Cette rencontre constitue une étape préparatoire à une conférence africaine plus large, en présentiel, qui pourrait se tenir avant la fin de l’année dans un pays encore à déterminer. (…) 

La guerre génocidaire sioniste se poursuit à Gaza depuis deux ans et demi, transformant ce territoire en ghetto de la mort, tout en s’étendant à la Cisjordanie dans le cadre d’un plan expansionniste ethnique visant à démembrer la région. Le Liban est lui aussi ravagé par des bombardements ininterrompus depuis deux ans et demi.

(…) L’armée américaine a également bombardé le Nigeria sous prétexte de lutte contre le terrorisme, visant en réalité les terres rares du pays. Trump s’est par ailleurs emparé des terres rares du Congo démocratique, sous couvert d’une médiation présentée comme un accord de paix avec le Rwanda, qui agresse militairement le Congo à travers le M23. Partout, c’est la même logique : la mainmise et le vol des richesses minières.

Le 28 février dernier, un nouveau cap a été franchi avec le déclenchement de la guerre américano-sioniste contre l’Iran, entraînant l’ensemble du Moyen-Orient dans une spirale infernale dont les répercussions se font sentir sur toute la planète (…) .

Notre conférence a donc pour objectif central la défense de l’intégrité des nations et des peuples africains, ainsi que de leurs richesses naturelles, directement convoitées par l’impérialisme. Il s’agit de mobiliser contre la guerre militaire, économique et sociale, en plaçant au centre la responsabilité des classes ouvrières et de leurs organisations – ce qui pose fondamentalement la question de la rupture avec l’impérialisme.
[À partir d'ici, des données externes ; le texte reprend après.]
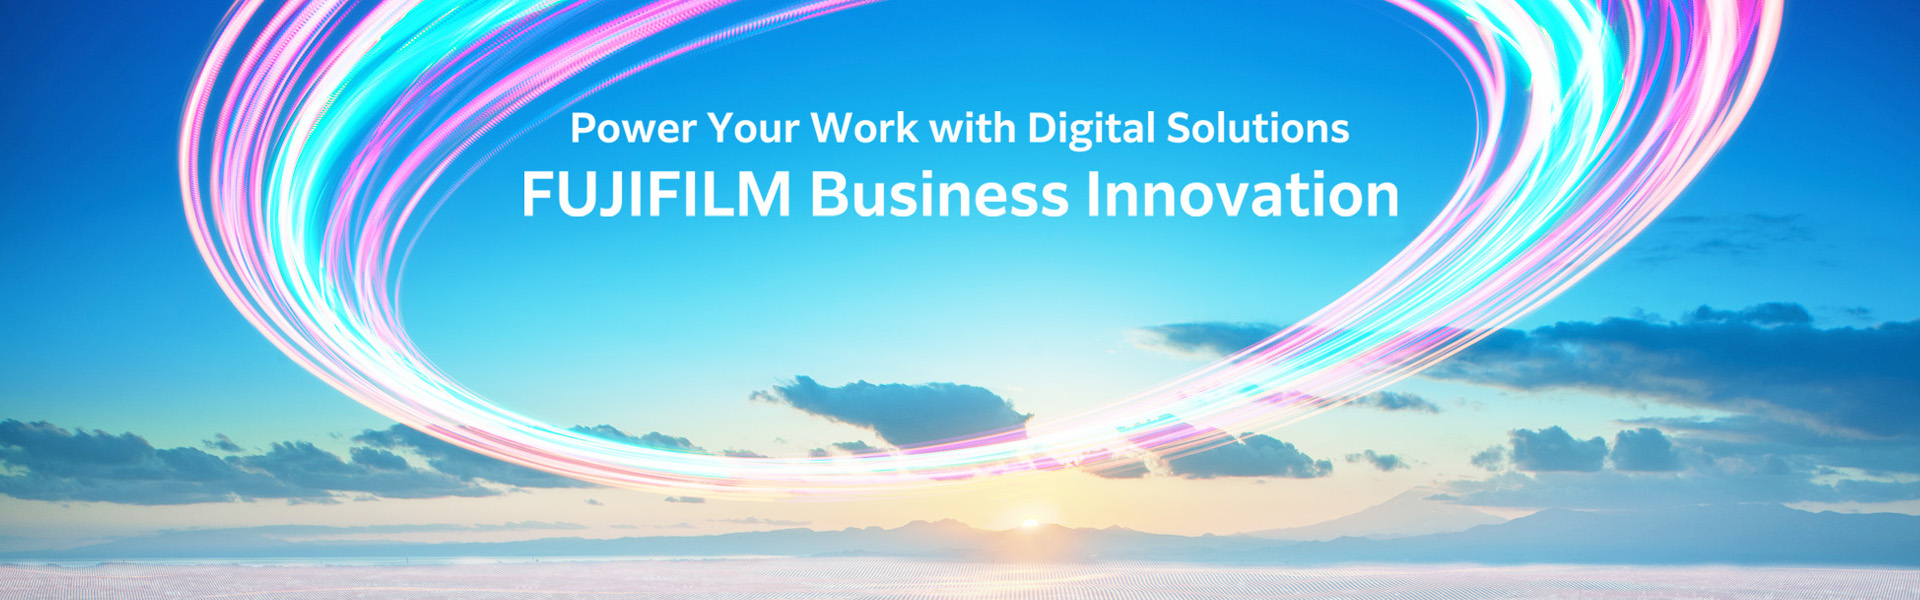 Power Your Work with Digital Solutions
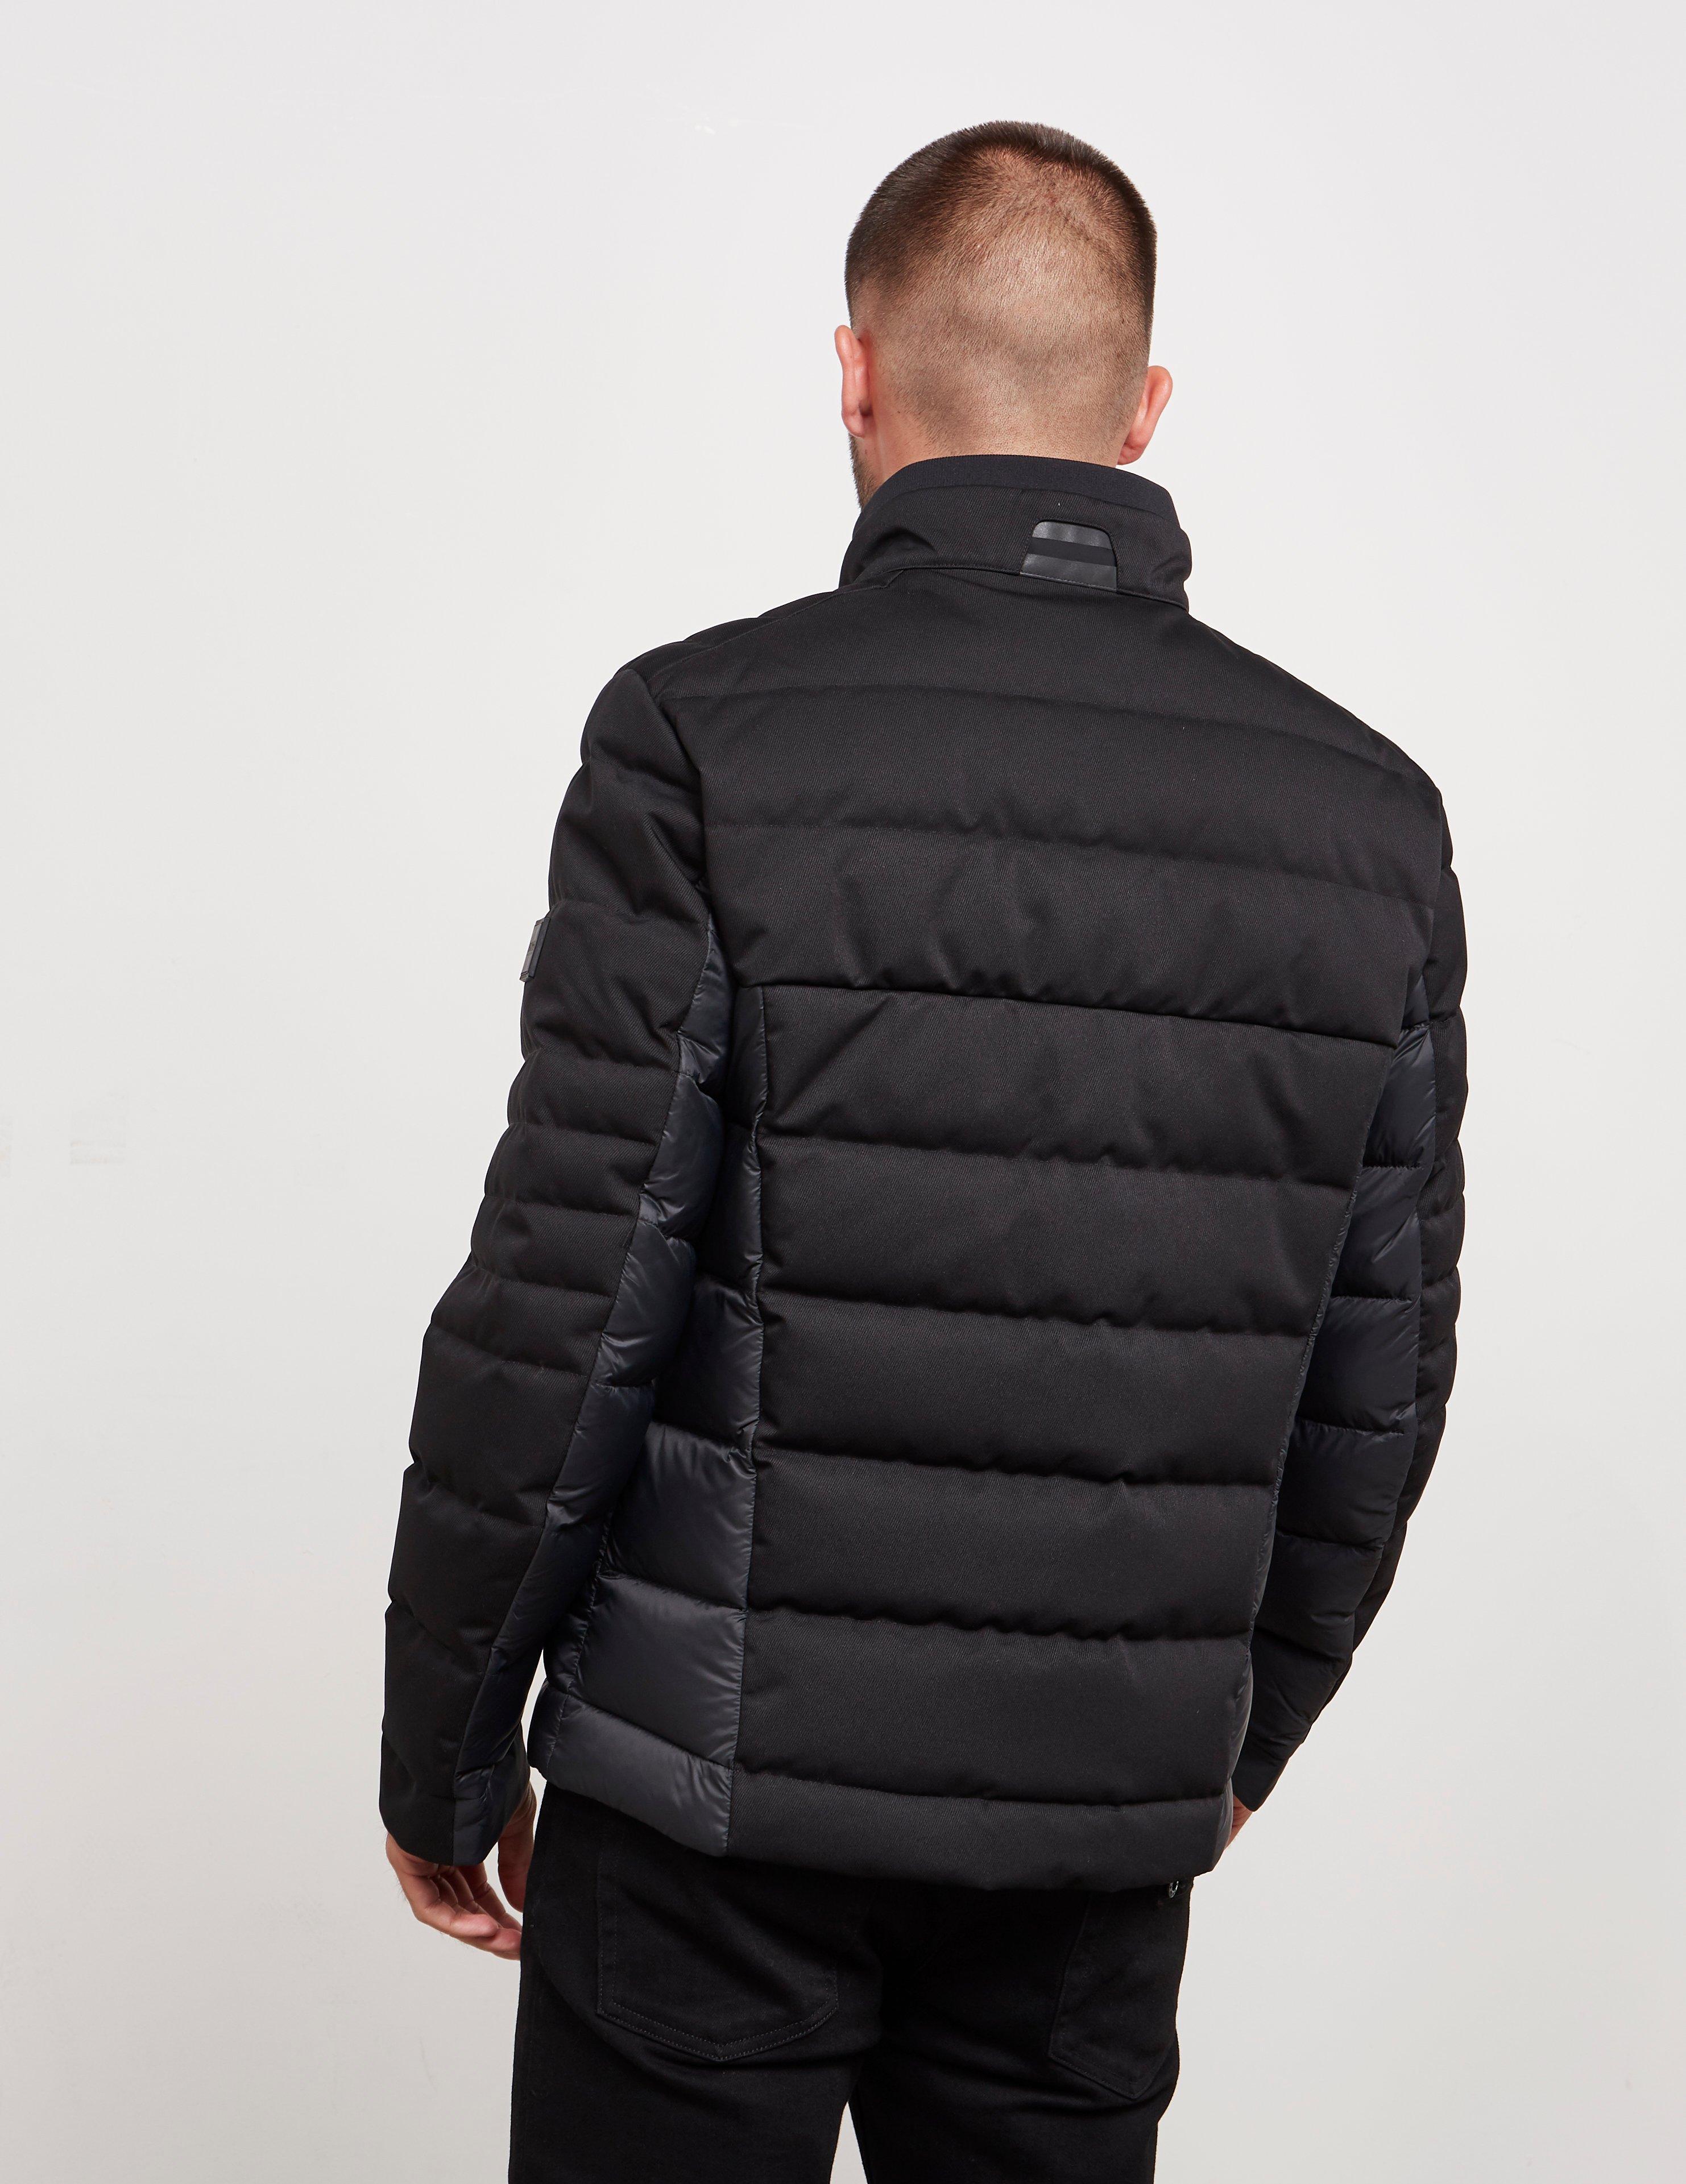 Boss Athleisure Quilted Jacket Store, SAVE 44% - lutheranems.com

Cette rupture est déjà à l’ordre du jour sur notre continent, notamment dans les pays du Sahel. Au Burkina Faso, au Mali et au Niger, les bases militaires étrangères et les intérêts impérialistes ont été chassés par les peuples, le Niger représentant la pointe la plus avancée de cette dynamique de recouvrement de la souveraineté nationale. (…)

Le Soudan, riche de ressources pétrolières, minières, hydrauliques et agricoles considérables, est ravagé par une guerre monstrueuse dont tirent les ficelles des gouvernements au service de l’impérialisme, afin de préparer le terrain au pillage de ses richesses par des entreprises américaines. En Afrique du Nord, l’impérialisme instrumentalise la question sahraouie pour pousser à la confrontation entre peuples frères et imposer sa présence militaire dans la région. La Libye, dévastée depuis l’intervention de l’OTAN en 2011, reste divisée et son pétrole pillé. (…)

 

« Les dirigeants qui se succèdent (…) font la guerre à leur propre population pour l’exproprier »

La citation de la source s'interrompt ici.